En la novela gráfica de Satrapi, vemos esto mismo. Ella se detiene en decenas de historias, más allá de su historia personal, que dan cuenta de la resiliencia de un pueblo oprimido por el régimen y el imperialismo: las historias de Anoosh, Niloufar, Taher, los Baba-Levi, con mayor o menor desarrollo, son ejemplo de esto. Las viñetas que cuentan su vida no son anecdóticas, sino que tienen la sensibilidad de retratar a partir de una experiencia de vida la opresión a la que fue subyugada un pueblo entero que quería liberarse de una monarquía.

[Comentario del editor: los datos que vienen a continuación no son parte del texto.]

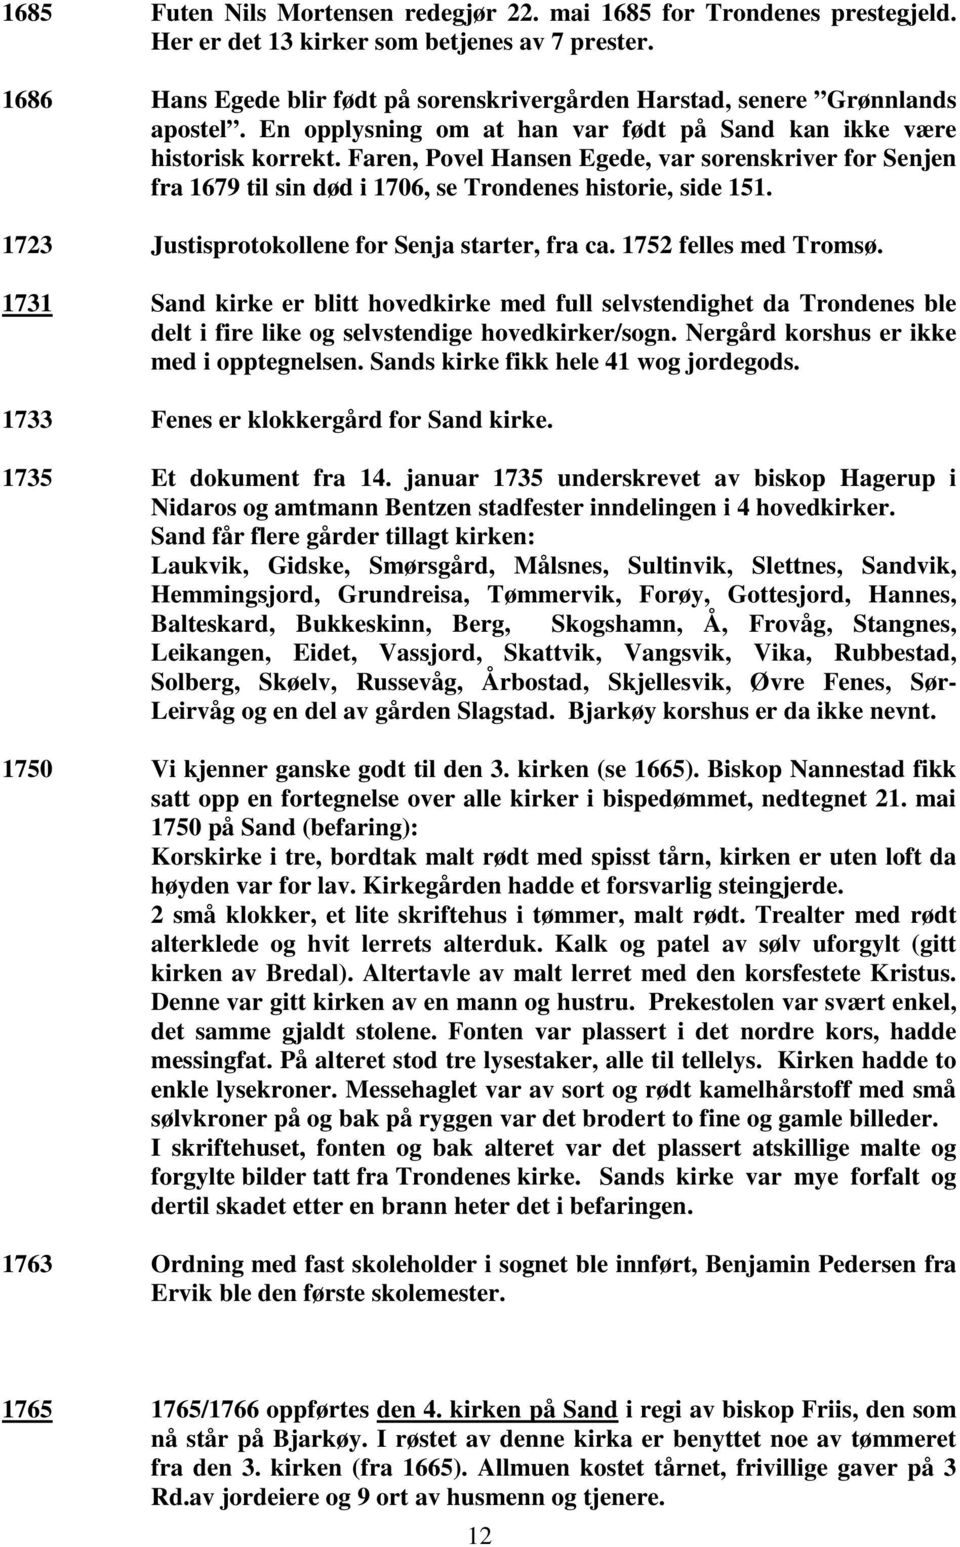 Faren, Povel Hansen Egede, var sorenskriver for Senjen fra 1679 til sin død i 1706, se Trondenes historie, side 151. 1723 Justisprotokollene for Senja starter, fra ca. 1752 felles med Tromsø.
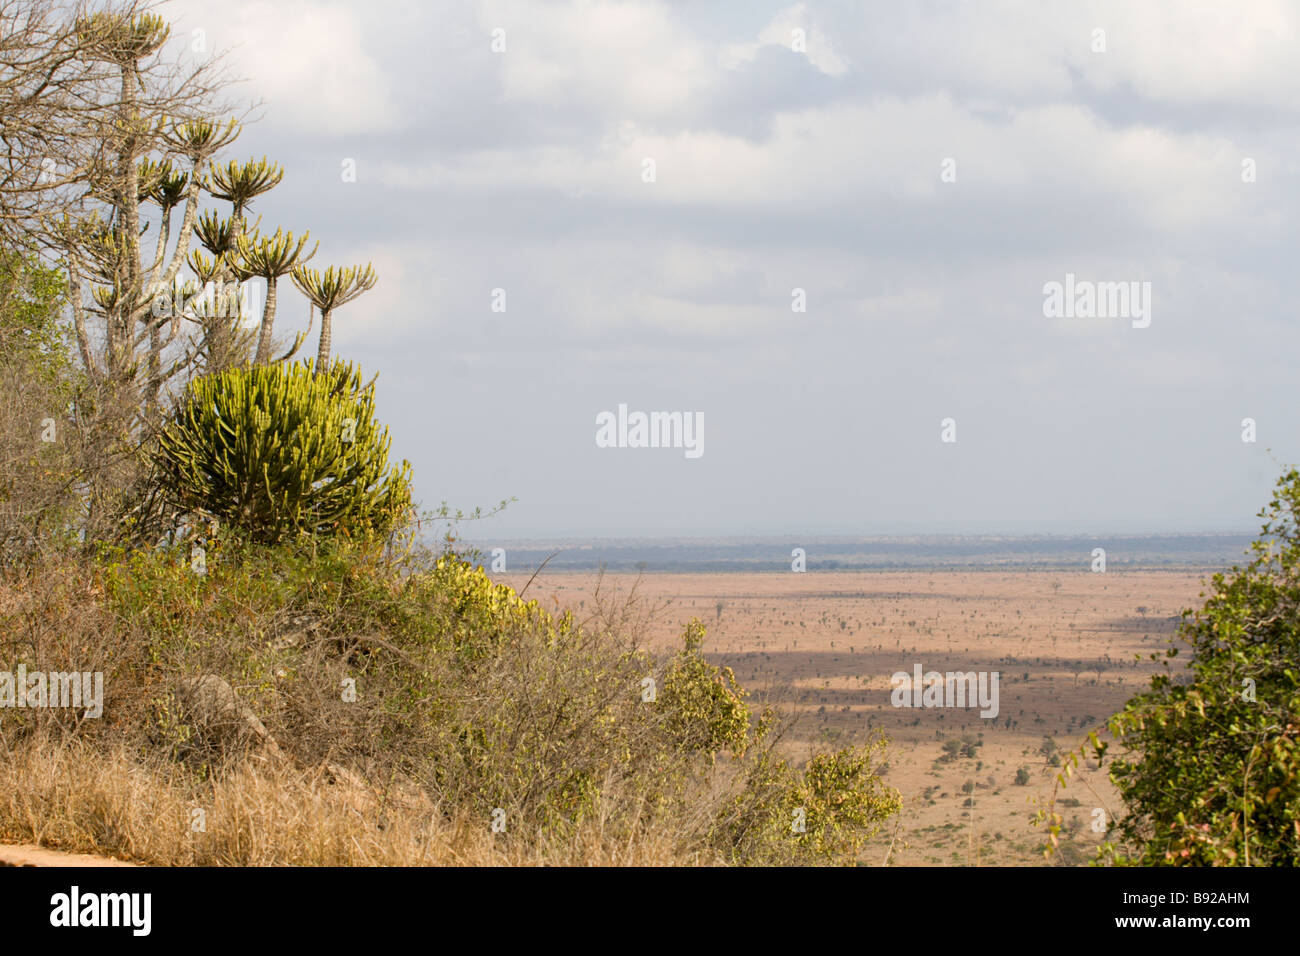 Árbol marula knobthorn Lebombo sabana arbolada sistema eco Parque Nacional Kruger Mpumalanga Provincia Sudáfrica Foto de stock

Estas vivencias marcaron profundamente a Marjane Satrapi. La historia política se entrelaza con la historia personal, haciendo que Persépolis sea también una historia sobre la autoafirmación. Desde su niñez a sus años de veinteañera, vemos cómo Marjane se niega y se afirma en los desvíos que implican construir una identidad que es compleja: es problemático ser iraní, es problemático ser inmigrante, es problemático ser mujer. La autoafirmación no es una cuestión lineal: es un problema que la novela gráfica recorre.
A lo largo del recorrido, una identidad comienza a definirse. La niña traviesa y contestataria se vuelve una mujer que quiere ser libre y que quiere que toda la sociedad iraní sea libre. La niña fan de Iron Maiden recorriendo las calles de Irán con su campera de “Punk is not dead” halla su expresión en la mujer que cuestiona la opresión del régimen hacia las mujeres y la clase trabajadora iraní. En Persépolis, Marjane nos contó la historia de su pueblo, al tiempo que nos hizo parte de cómo aprendió a ser íntegra como le decía su abuela y honesta consigo misma como su tío Anoosh.
Definitivamente, solamente pudimos abarcar algunos de los motivos que hacen a Persépolis una obra universal y, a su autora, una compañera de ruta que despedimos. Su obra es una de compromiso, en la que el arte transmite la experiencia de un pueblo que lucha por liberarse. De esta manera, el arte que retrata el pasar de los explotados y oprimidos por el mundo con sus historias, nutre nuestro espíritu para las peleas del futuro.